Le gouvernement français intensifie sa lutte contre les dérives du commerce en ligne. Après une première offensive contre Shein, six nouvelles plateformes sont dans le viseur de la justice, dont cinq (AliExpress, Joom, eBay, Temu, Wish) pour la vente de produits illicites. Le ministre du Commerce, Serge Papin, a clairement annoncé qu’il y aura « un avant et un après l’affaire Shein ».

Shein n’est pas la seule boutique problématique
L’enquête menée par la répression des fraudes (DGCCRF) a mis en lumière de graves manquements. Selon le ministre dans une interview au Parisien, les investigations ont révélé qu’AliExpress et Joom vendaient aussi des poupées pédopornographiques.

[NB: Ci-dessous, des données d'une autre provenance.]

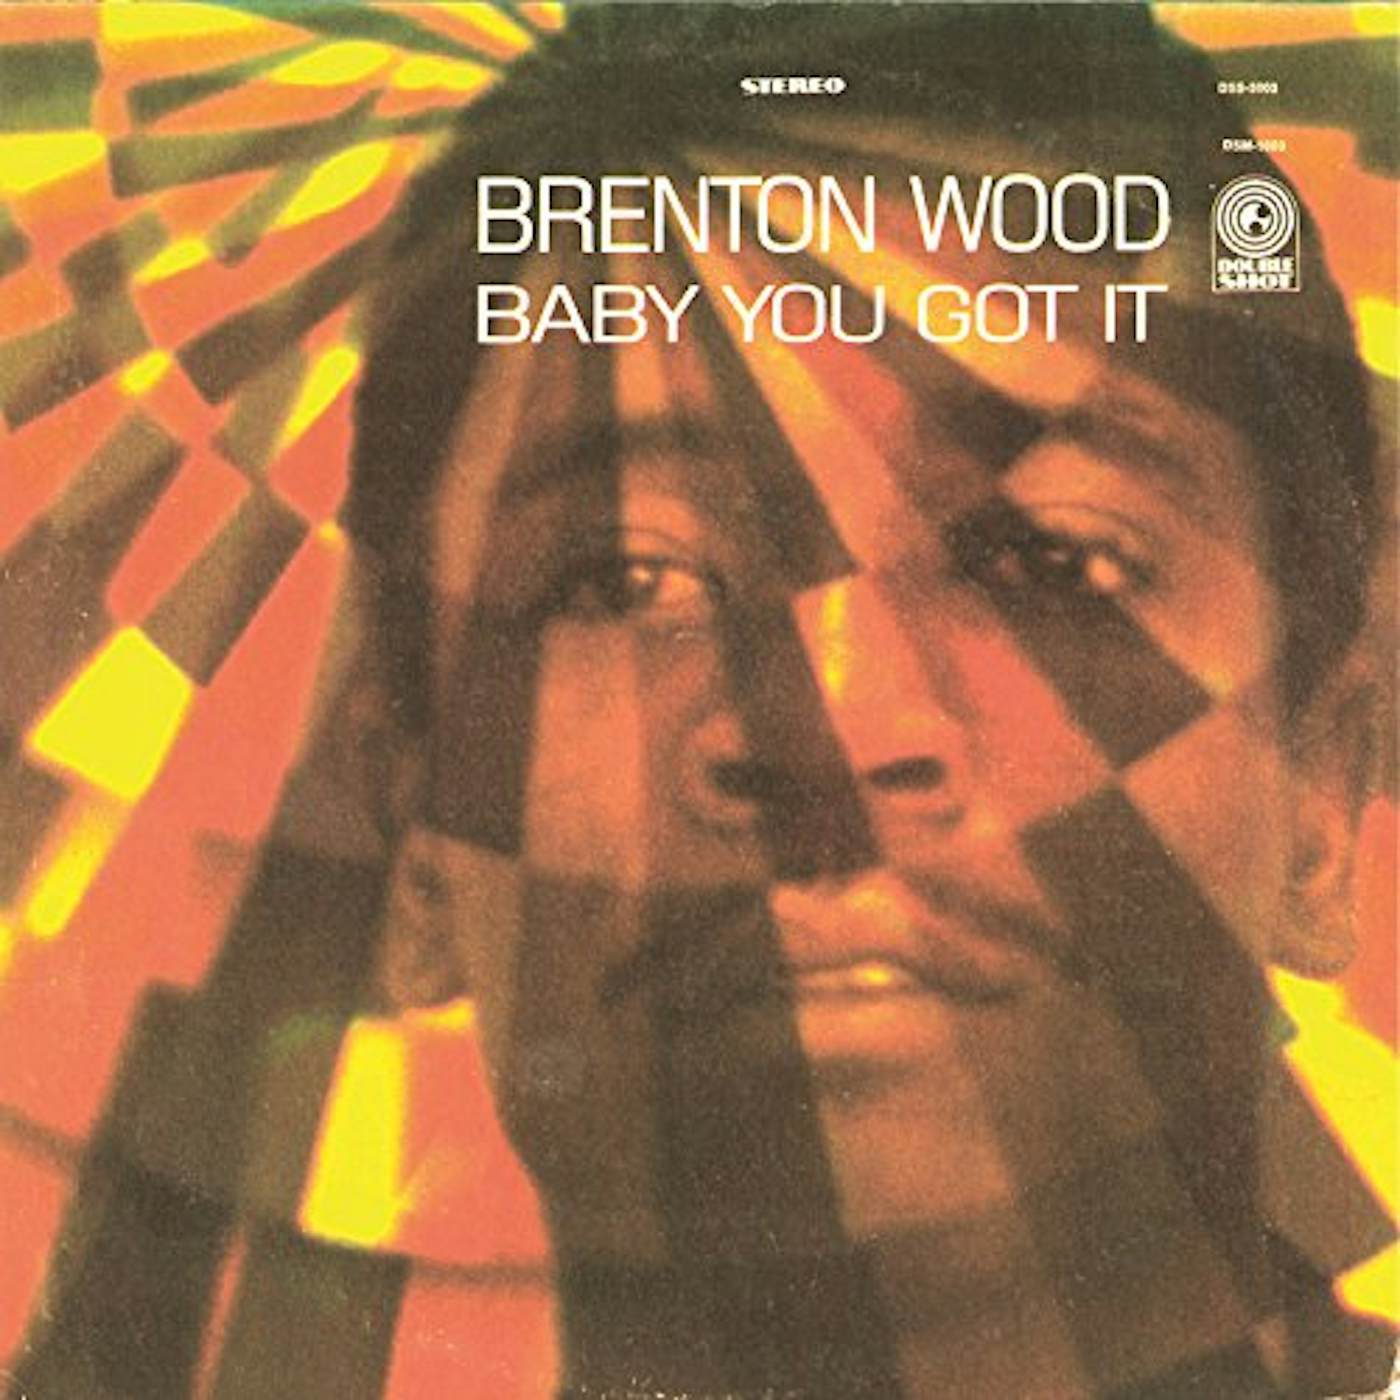 Brenton Wood Baby You Got It Vinyl Record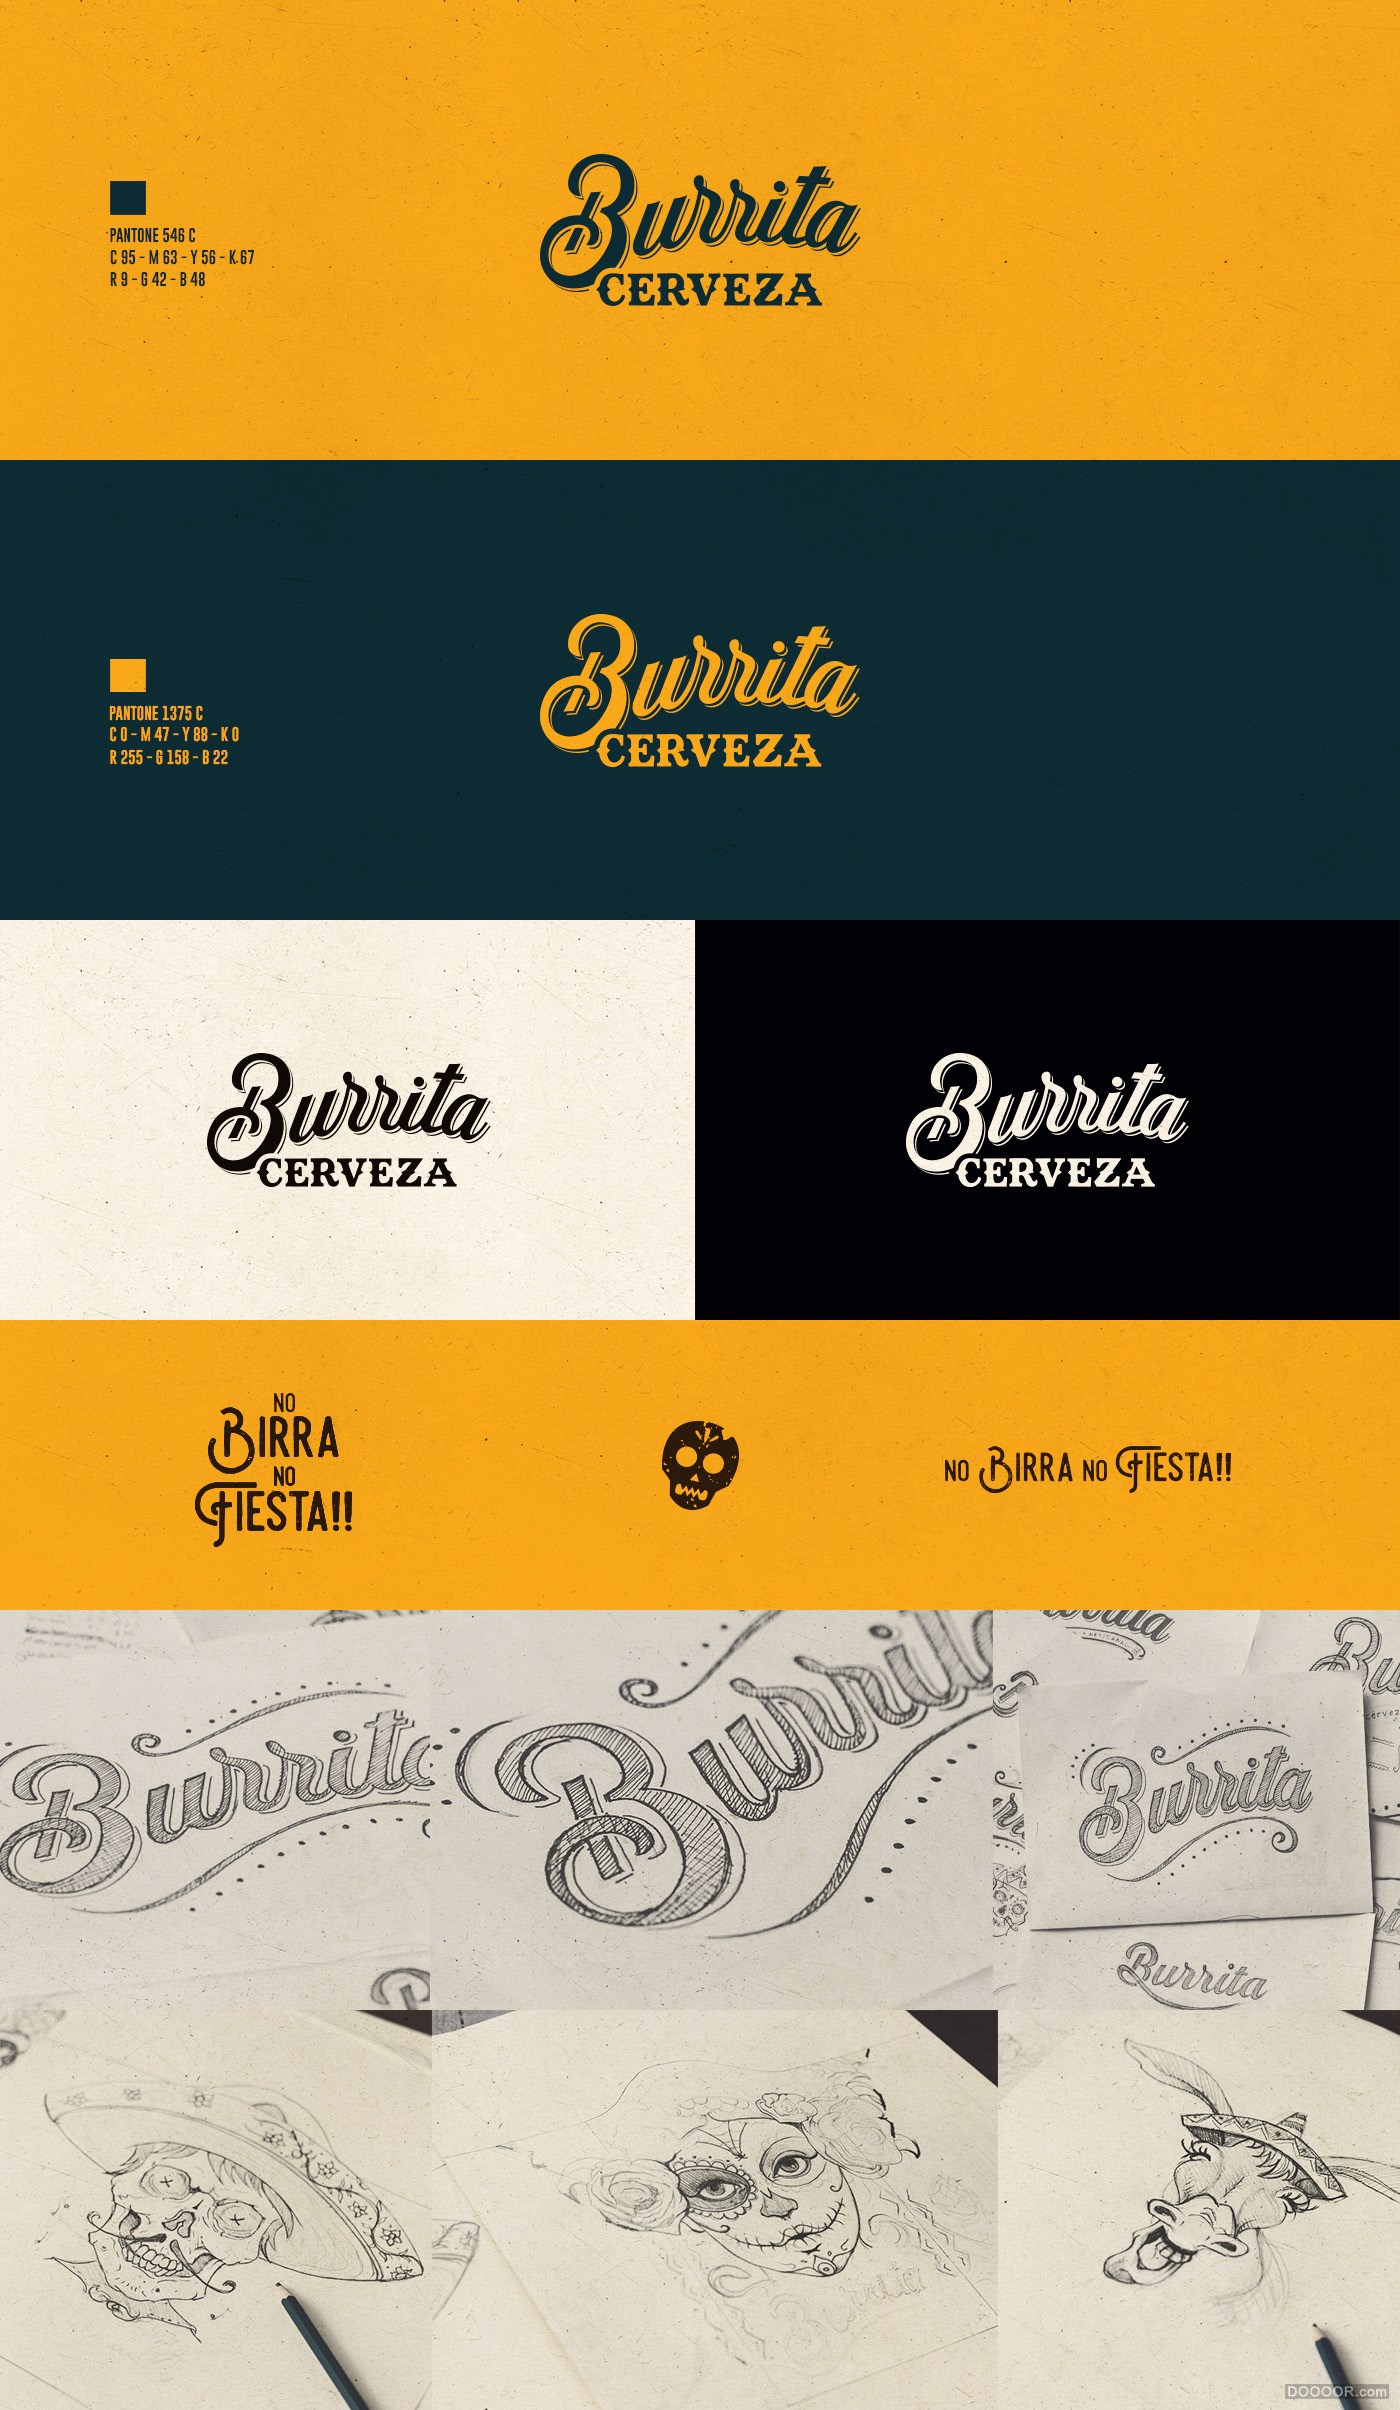 Burrita啤酒个性化系列插画标签设计-Matias Harina [9P] (3).jpg

Par ailleurs, d’autres plateformes majeures sont accusées de commercialiser des produits dangereux. Le rapport pointe que Wish, Temu, AliExpress et eBay vendaient des armes de catégorie A, comme des poings américains et des machettes. Enfin, Wish, Temu et Amazon n’ont pas respecté leurs obligations de filtrage des mineurs aux images à caractère pornographiques.
Vers une régulation renforcée des plateformes
Cette nouvelle vague de procédures judiciaires s’inscrit dans le sillage de l’action engagée contre Shein. Le 5 novembre, le gouvernement avait laissé 48 heures à la plateforme pour retirer de la vente des poupées sexuelles d’apparence enfantine et des armes. Bien que le Premier ministre Sébastien Lecornu ait constaté le retrait des produits le 7 novembre, il a confirmé le maintien des procédures judiciaires aux fins d’obtenir la suspension de la plateforme. L’audience en référé se tiendra le 26 novembre.
Le gouvernement affiche sa fermeté et menace d’appliquer la même méthode aux autres acteurs. « Toute plateforme qui aura commercialisé des articles illicites aura le même traitement », a prévenu Serge Papin. Il insiste sur la responsabilité des marketplaces qui « prendront le risque d’être suspendues » si elles ne contrôlent pas leur offre. Le ministre compte porter le sujet au niveau européen lors d’une réunion avec ses homologues le 27 novembre à Paris.